Wow, thanks for the info bubbles! I was so unsure about this because I've never even heard of them before.

So how does it work with Meraas ? If your water goes out at 10PM on a Friday is it possible to give the maintenance dept. a call and have them come around ?

Just looking for answers before I sign up! : ) They did ask for a AED 5,000 deposit and I thought that was a bit high but I think they might consider going a bit low on that. It's good to know that they returned the full deposit, I don't think there are many companies/landlords who do that these days..


----------



## bubble_boy (May 28, 2008)

I have to add we left the place in the condition we received it in. There were a few marks on the walls that was there when we moved in. We noted it on the snaglist and when we moved out they wanted to take some of the deposit money to pay for painting the walls. After an email to them about it, they gave us our full deposit back. 
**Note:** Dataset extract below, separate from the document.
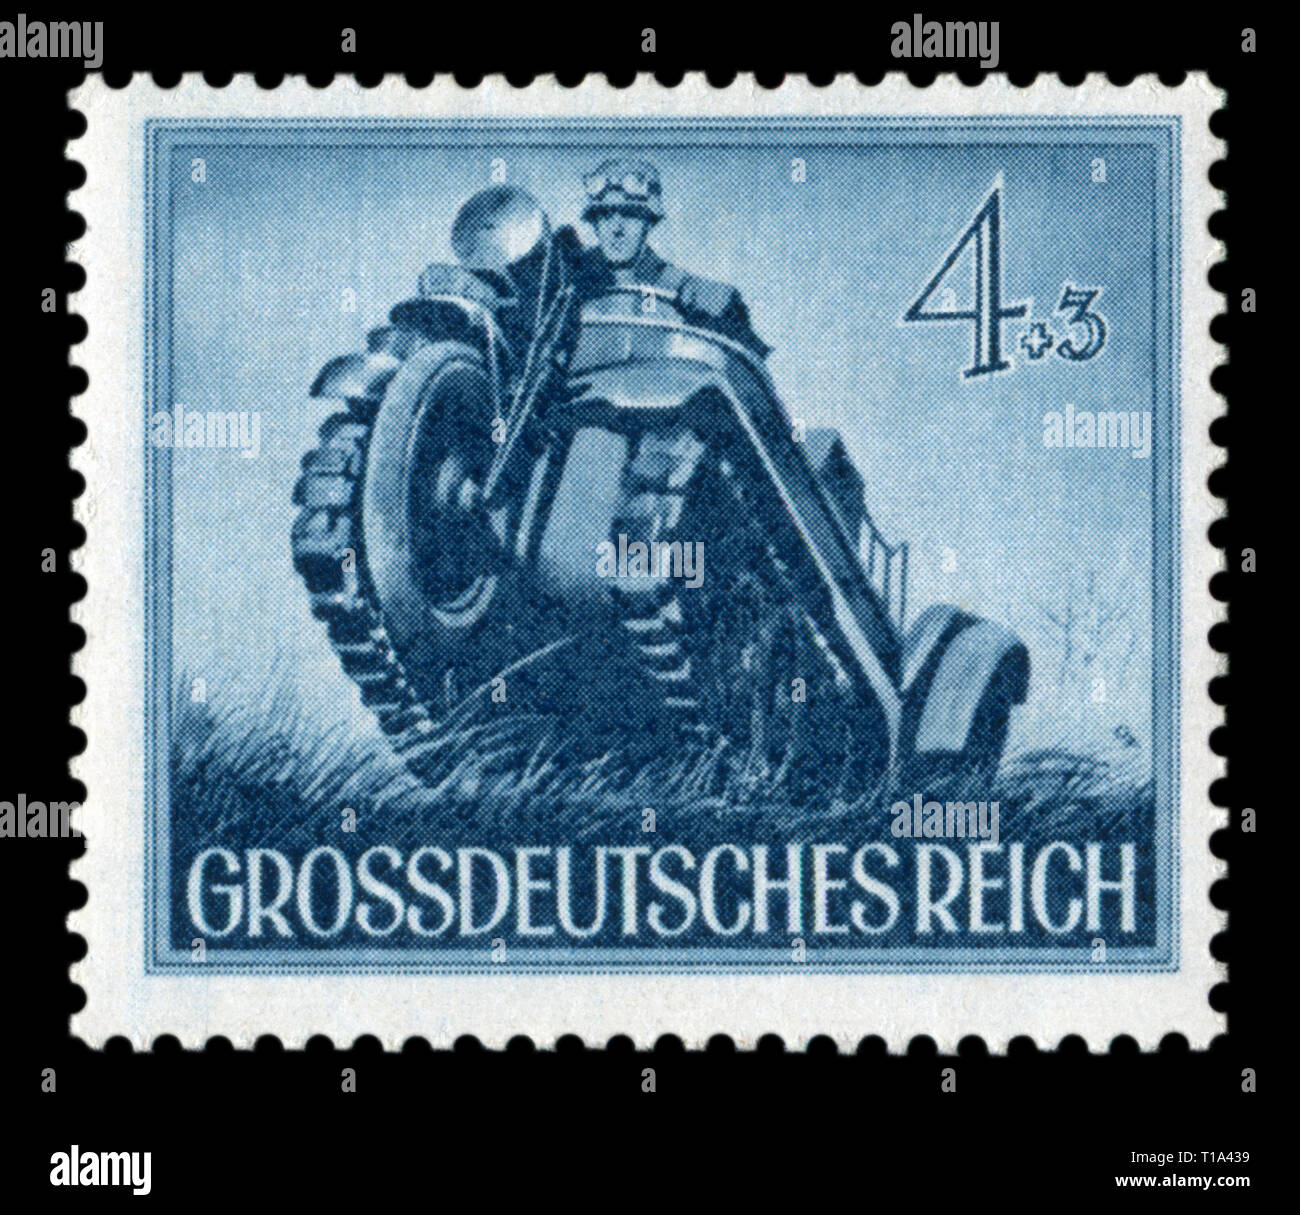 German historical stamp: Half-track motorcycle kettenkrad (SdKfz 2).The Army Of The third Reich. Day of commemoration of the fallen soldiers, 1944 Stock Photo

We havn't lived in DG for almost a year now, so my memory is a bit faded. But we could phone maintenance anytime, and then they would come asap, usually the next day.


----------



## MasJ (Mar 22, 2010)

Alright that sounds great bubbles. Well, I don't expect to get ALL my money back. Not after I mount a flatscreen (make some big holes for that).. and then hang small things here and there to make the place look nice.

However, I've heard experiences where landlords have taken the entire security deposit for things like this. That's just not fair as it is something you would expect a tenant to do.

I too shall make a 'snaglist' then. There were some scratches on the cupboard and some bumps on the doors. Well, thanks for answering my maintenance query, I feel more at ease now. Might just go with Meraas instead of Nakheel since they've been less flexible regarding the apartment in general.


----------



## mogyc (Apr 1, 2008)

MasJ said:


> Hi folks!
> 
> This is my first post here and I hope to receive some insights into what's going on.
> 
> ...


stay away from both in my opinion as i know both first hand. There are plenty of other buildings well managed in the scheme, I am not naming names as I do work for one and my comments will only be removed.


----------



## MasJ (Mar 22, 2010)

mogyc said:


> stay away from both in my opinion as i know both first hand. There are plenty of other buildings well managed in the scheme, I am not naming names as I do work for one and my comments will only be removed.


Well, I'd appreciate a PM of what I could look for if you don't mind. : )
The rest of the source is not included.